Neutrophils were obtained from the day 2 blood of mice pretreated with CpG ODNs or PBS. The bacteria were opsonized by incubation with 10% autologous mouse sera (without heat inactivation) for 30 min at 37οC in a 5% CO2 incubator. After the neutrophil concentration was adjusted to 106 cells with PBS, they were incubated with opsonized B. pseudomallei at an MOI of 10:1 at 37οC for 1 h. After incubation, the suspension was centrifuged and resuspended in 10 μl of PBS and applied to glass slides for Giemsa staining. The neutrophils and bacteria were examined under bright microscopy, counting at least 200 cells in low-power fields. The phagocytic index was calculated and expressed as the ratio of phagocytosed bacteria to total bacterium-laden neutrophils.
Intracellular survival of B. pseudomallei in macrophages.

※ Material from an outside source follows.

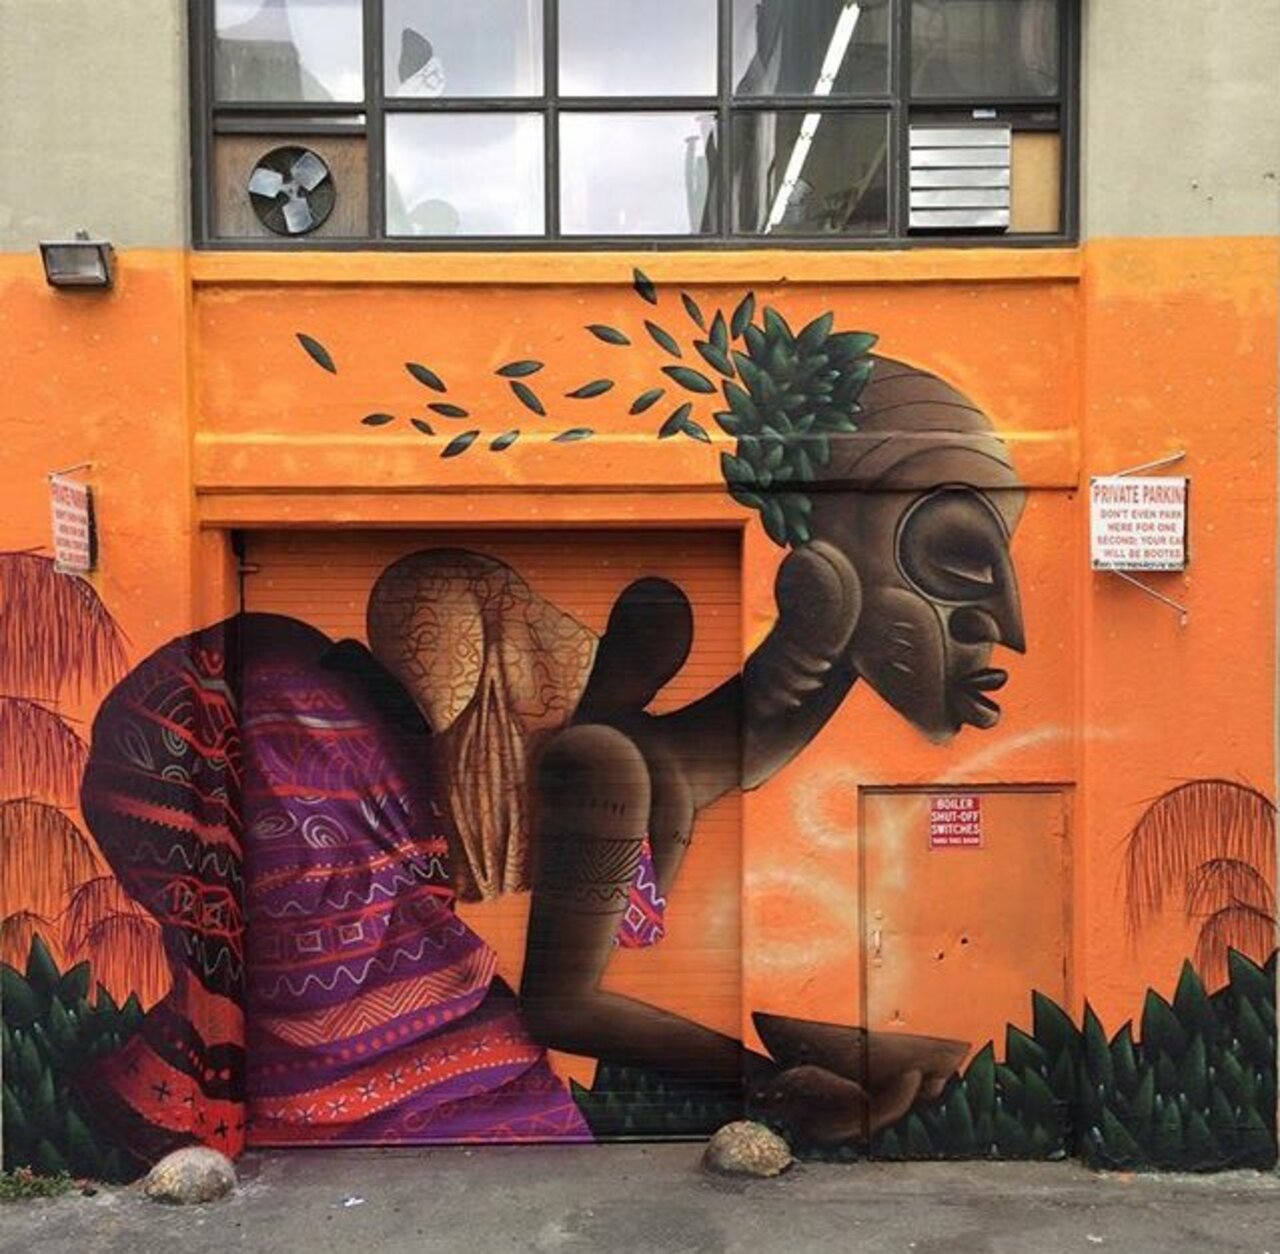 New Street Art by Alexandre Keto in NYC 

#art #graffiti #mural #streetart https://t.co/mkuaYxk0f5

Ten BALB/c mice (per group) were injected intramuscularly with a total volume of DOTAP (100 μl/mouse) plus CpG ODN (100 μg/mouse) or DOTAP alone on day −30 or with CpG ODN alone or PBS control on day −2. On day 0, splenic macrophages were removed and cultured with RPMI medium containing 10% FBS. Aliquots of B. pseudomallei were coincubated with mouse macrophages at an MOI of 10:1 for 1 h at 37οC in 5% CO2 (41). After 1 h of incubation (total time [T] = 1), excess bacteria were removed by washing with PBS, and cells were incubated at 37οC in prewarmed medium containing kanamycin (250 μg/ml) for another 2 h to kill extracellular B. pseudomallei (T = 3). The medium was then replaced with medium containing kanamycin at a lower concentration (20 μg/ml) to suppress residual extracellular bacteria. Cells were further incubated for 5 more hours (T = 8) before the total number of intracellular bacteria expressed as CFU/ml was determined (41).
Nitric oxide assay.
The production of NO in macrophage supernatants was determined by nitrite quantification using the Griess reagent (Sigma, Missouri).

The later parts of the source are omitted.